The Haiku scatter hook saves me $1,588 per week at a 38x return. I wanted to go further. I wanted zero API cost for scatter, running fully on my own GPU. So I fine-tuned a model. It took 107 seconds. The results are impressive.
| Property | Value |
|---|---|
| Base model | Qwen2.5-7B |
| Training time | 107 seconds |
| Hardware | RTX 5090 |
| GGUF size | 4.7GB |
| Inference speed | 290 tok/s |
| API cost | $0 per call |
| Training examples | ~2,400 (from real scatter outputs) |
The fine-tune needed pairs of (raw_prompt, sinc_json) examples. I made them from real Haiku scatter outputs. Every prompt I sent through the Haiku scatter server over 7 days got logged. That includes the input and the structured output. 21,194 calls total. I kept only high-quality outputs (valid JSON, all 6 bands filled, CONSTRAINTS band the longest). That left about 2,400 clean training examples.
# Training data format (JSONL)
{"input": "fix the auth bug",
"output": "{\"formula\": \"x(t) = ...\", \"T\": \"specification-axis\",
\"fragments\": [{\"n\":0,\"t\":\"PERSONA\",\"x\":\"...\"},
{\"n\":1,\"t\":\"CONTEXT\",\"x\":\"...\"},
{\"n\":2,\"t\":\"DATA\",\"x\":\"...\"},
{\"n\":3,\"t\":\"CONSTRAINTS\",\"x\":\"...\"},
{\"n\":4,\"t\":\"FORMAT\",\"x\":\"...\"},
{\"n\":5,\"t\":\"TASK\",\"x\":\"...\"}]}"}
# ... 2,399 more examples
I used Unsloth for the fine-tune. It is very fast on modern GPUs. I started with Qwen2.5-7B as the base model, used LoRA adapters, and trained with 4-bit quantization. The full training run on 2,400 examples finished in 107 seconds on the RTX 5090.
# Simplified training config
model = FastLanguageModel.from_pretrained("Qwen/Qwen2.5-7B")
model = FastLanguageModel.get_peft_model(model,
r=16, lora_alpha=16,
target_modules=["q_proj", "k_proj", "v_proj", "o_proj"])
trainer = SFTTrainer(
model=model,
train_dataset=dataset,
max_seq_length=2048,
num_train_epochs=3,
per_device_train_batch_size=4,
)
trainer.train() # 107 seconds on RTX 5090
I exported the model to GGUF format for llama.cpp inference. Q5_K_M quantization makes the file 4.7GB. Quality loss compared to float16 is very small.

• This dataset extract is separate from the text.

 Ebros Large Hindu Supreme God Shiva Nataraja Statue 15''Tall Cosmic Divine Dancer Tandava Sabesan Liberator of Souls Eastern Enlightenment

Honest comparison: the local model is slightly worse than Haiku on edge cases and very short prompts (1-3 words). For normal prompts (5 or more words with some context), quality is about the same. Both produce valid 6-band sinc JSON with correct CONSTRAINTS and FORMAT output.

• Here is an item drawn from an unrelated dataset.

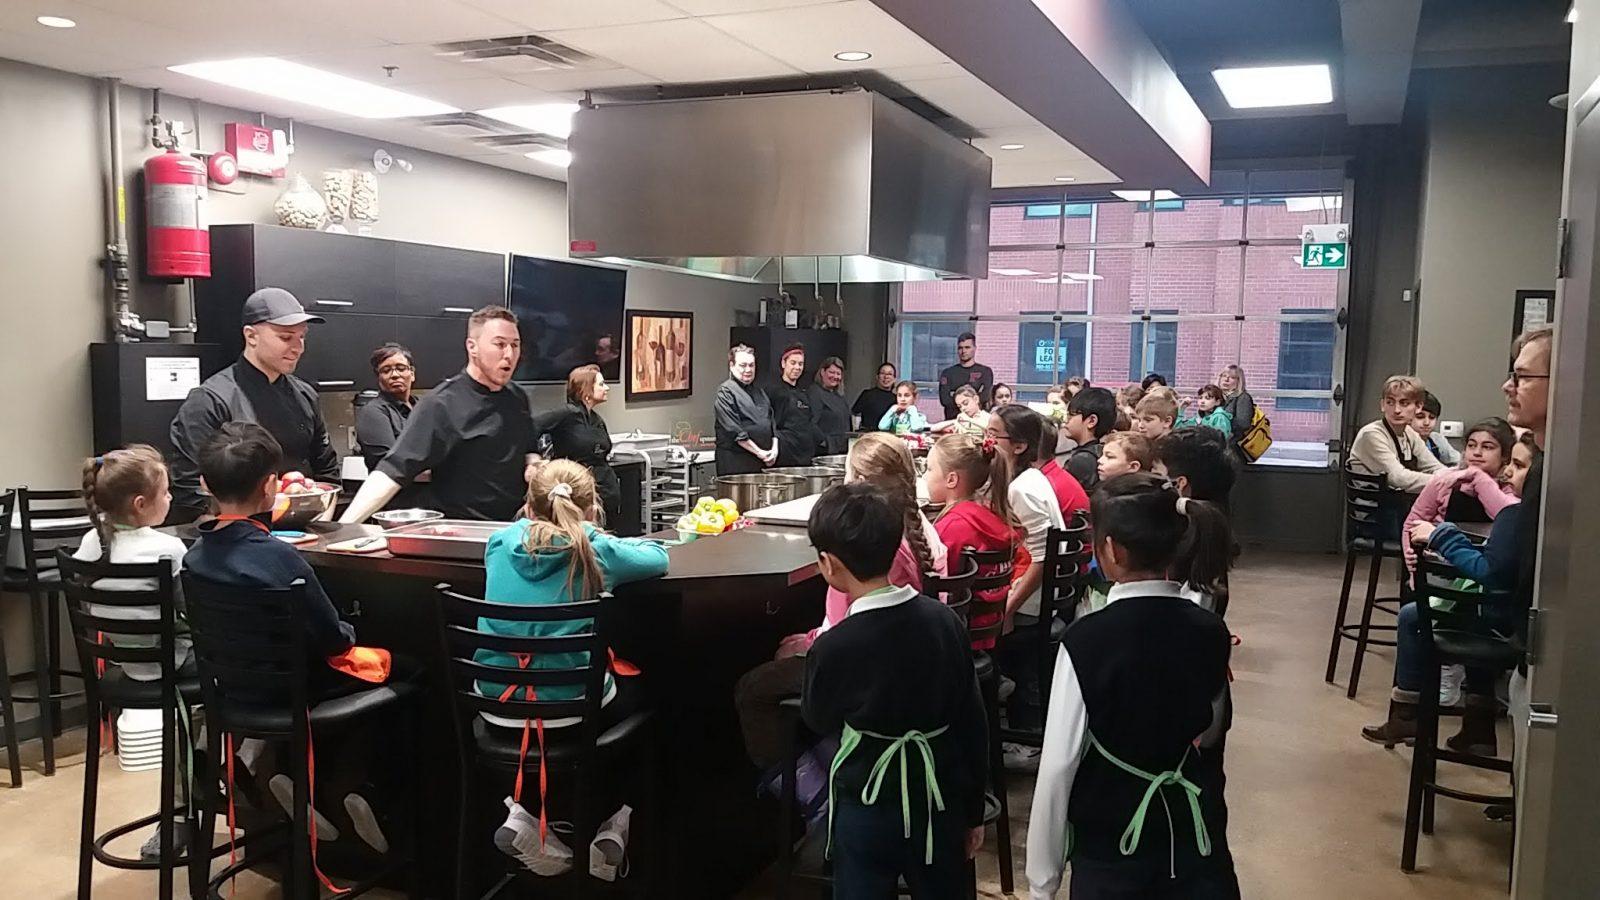 2019 - The Chef Upstairs (Grade 3-8) | The Prestige School regarding Downey Unified School District Calendar 2020

The local model sometimes produces more generic CONSTRAINTS band detail than Haiku would. But it runs at zero API cost. So I can run several scatter calls for important prompts and pick the best one.

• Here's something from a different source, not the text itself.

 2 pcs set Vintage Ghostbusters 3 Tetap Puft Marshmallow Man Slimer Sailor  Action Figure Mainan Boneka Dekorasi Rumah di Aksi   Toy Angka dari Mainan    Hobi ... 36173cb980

At $0 per scatter call and my 7-day volume of 21,194 prompts, the savings from exchange rate reduction (1.6 vs. 4.2 exchanges per prompt) are $1,631. That is the full $1,588 plus the $42 Haiku spend I no longer pay.
Monthly projection: $1,500 or more in savings, $0 in scatter costs. That is a 97% cost reduction from my unstructured baseline. The ROI is unlimited because the cost per call is zero.
The GGUF is included in the open-source repo. You need an NVIDIA GPU, RTX 3090 or better, for comfortable inference speed. On a 3090 it runs at around 150 tok/s, which is fast enough for scatter calls. Leave a comment and I will send you the GitHub link.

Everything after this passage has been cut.